ソファーの向こう側に、うつ伏せになっている新一を見つける。
腕を組みその上にちょっと横にした頭を預けて、目を瞑ってはいるが眉間に皺が寄っている。
『うそ〜っ、新一が下ぁ〜?』
『うそやぁ〜、平次が上や〜ッ!』素直な乙女たちは、それぞれの感想を同時に素直に述べる。そして再びお互いに顔を見合わせる。
『ここはひとつ…』
『暖かい目で…』そんなことを思いながら二人は肯くと、一歩一歩と後ろに後退する。
『がんばりやぁ〜平次。工藤新一相手にこのパターンは奇跡や。絶対下や思っとったけど、やれば出来るやん。あんたも男やったわ、うんうん』
和葉はそんなことを考えつつ、拳をぎゅっと握り締めてガッツポーズをとりながら下がって行く。
『…新一。オレ様で自身家なあなたが下なんて…よっぽど服部くんが好きなのね…素直におめでとうって祝福するわ…』
蘭は蘭でそんなことを考えていた。
しかし「性」…いやいや「青少年の禁断の愛!を暖かく見つける」という、蘭と和葉のそんな配慮も、町一番の傍若無人女子高生の女王様にかかればひとたまりも無しとなる。
「な〜にやってんのよ、二人とも!」
『そ、園子!しぃ〜〜〜!』
慌てて園子を止めようとしても、止まるはずは当然無い。
ジタバタな動きをする二人を不思議そうな顔で見つめるが、聞こえて来る新一の悩ましい声に好奇心をあっさりそそられると、有無を言わさず部屋に入り込んだ。
『わぁ〜〜っ!園子ぉぉぉ!!』
超慌てふためいき後を追おうとして、やはり手前で体が止まる。
「何してるのよ〜工藤」
園子の大声にやはりと言う思いがする…。
『あかんでぇ〜平次…』
『ごめん新一、止められなくって、邪魔をしちゃって』
今度もそれぞれに勝手な事を考えながら、祈るような気持ちでそっと居間の中を覗く。
「やっだ〜、じじくさぁ〜」
『えっ?じじ?』
『くさ?』
二人は顔を見合すと、そっと中に入って行く。
そして中で見たものは…。
うつ伏せになって寝ている新一の足の裏の上に壁側を向いて乗り、「ふみふみ」と足裏マッサージをしている平次だった。
「うるせ〜ぞ、園子!これもそれも、昨日のお前らの買い物に突き合わさせられた所為だろうに」
「あら、同じ時間歩いたのは私たちも一緒じゃない。

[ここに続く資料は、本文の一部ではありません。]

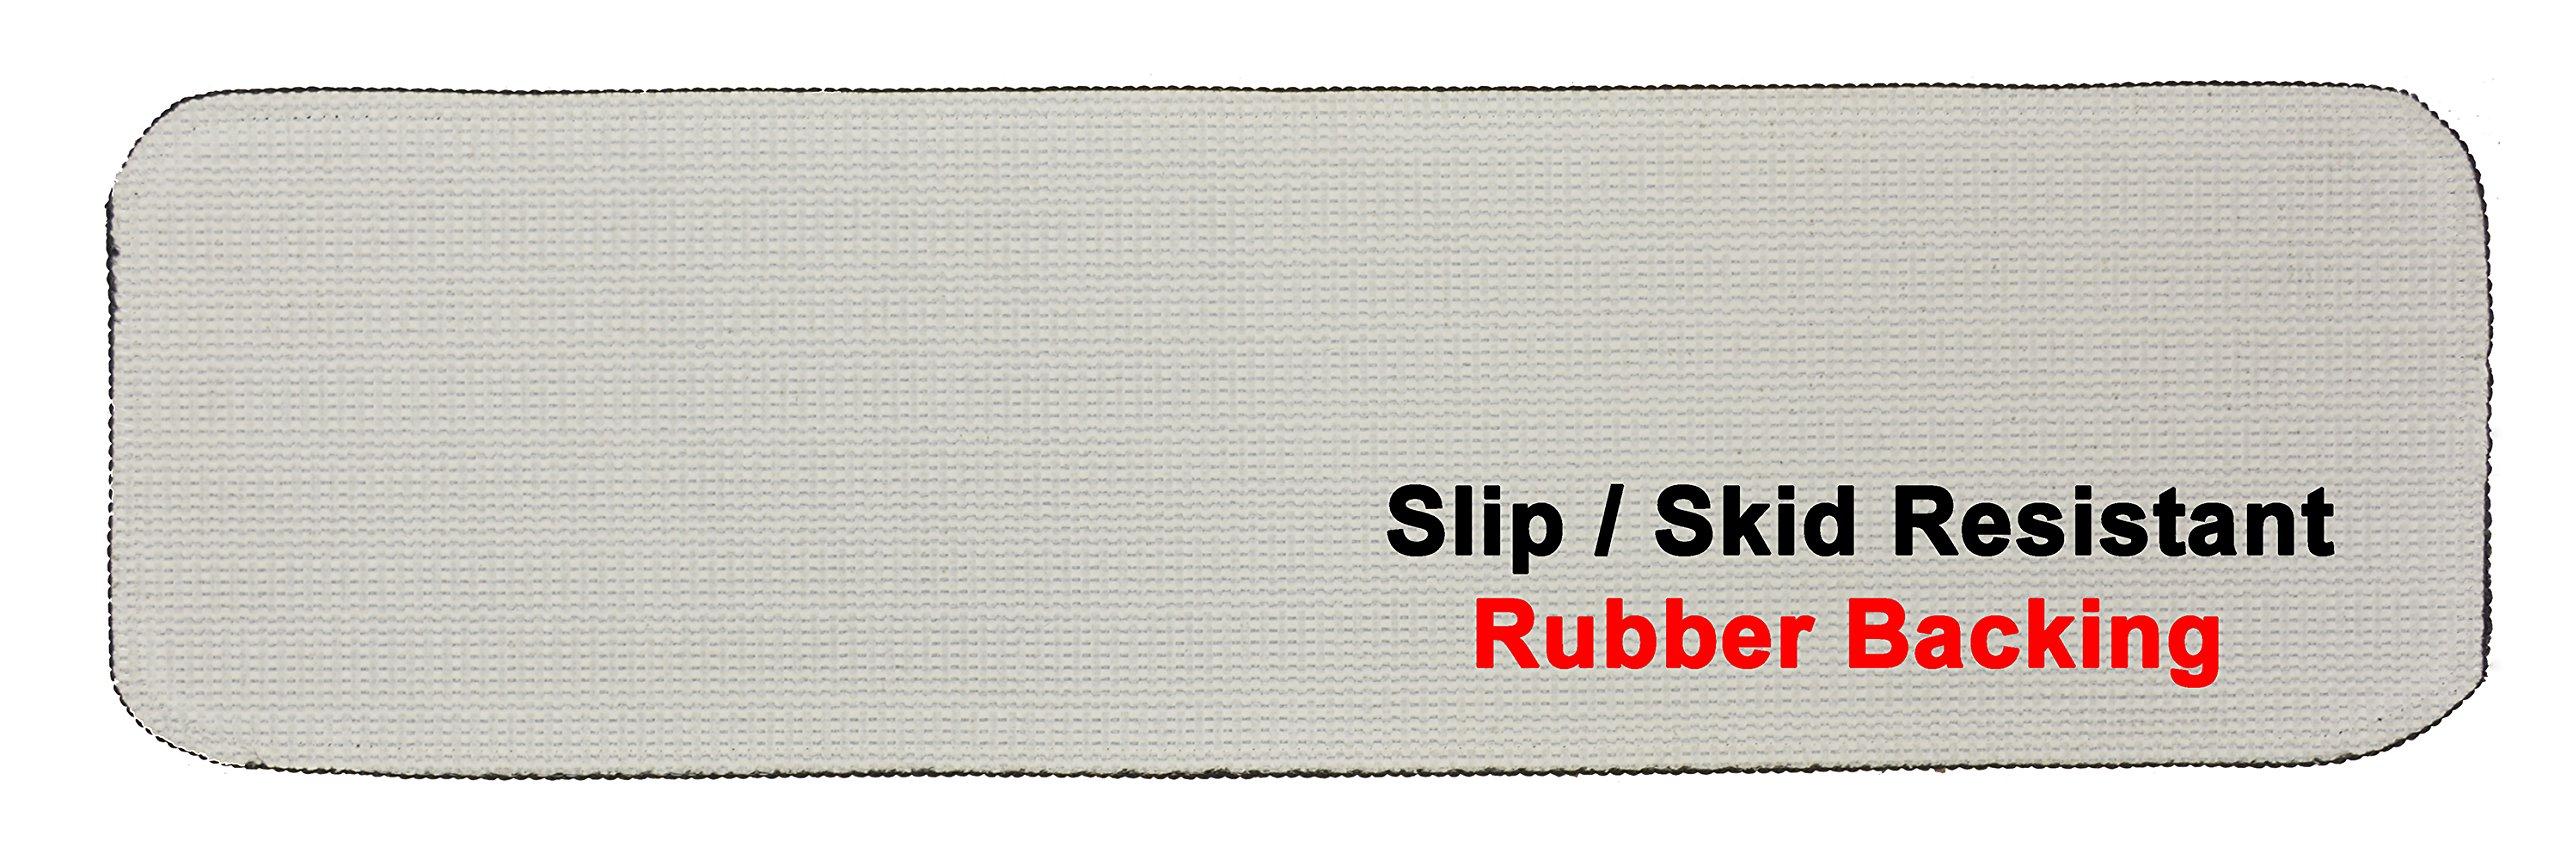 RugStylesOnline TRENDY-ST-8X30-NAVY-13 Trendy Stair Tread Treads Indoor Skid Slip Resistant Carpet Stair Tread Treads Machine Washable 8 ½'' W x 30'' L, Royal Navy Blue, Set of 13 by RugStylesOnline (Image #5)

ちょっと鍛え方が足りないんじゃないの?工藤新一とあろう者がさ」
「歩いた距離は一緒でも、持たされた荷物の量はダンチだろうに」
「当然でしょ。高校生で、彼氏以外の男の使い道なんてそんなモンしかないんだから」
「お前なぁ、俺たちを何だと思っていやがるんだぁ?」
終わりの無さそうな新一と園子の会話を正面で見ながら、想像力が豊か過ぎた乙女二人は、乾いた笑いを発していた。
何時の世でも、乙女の想像の扉は異次元世界に常に繋がっているのである。
The End...
2001/11/11 脱稿
クリスマスを前ににしな的で無い(笑)落ち有りの話を
書いてみました。本来はこんな感じのドタバタ(?)もの
が実は好きなんです(^-^)/ まぁ、ありがちな話でしたが…。
H!の濃いのも楽しいけれど、たまにはこんなのもいかがで
しょう?気に入っていただけると嬉しいけど…。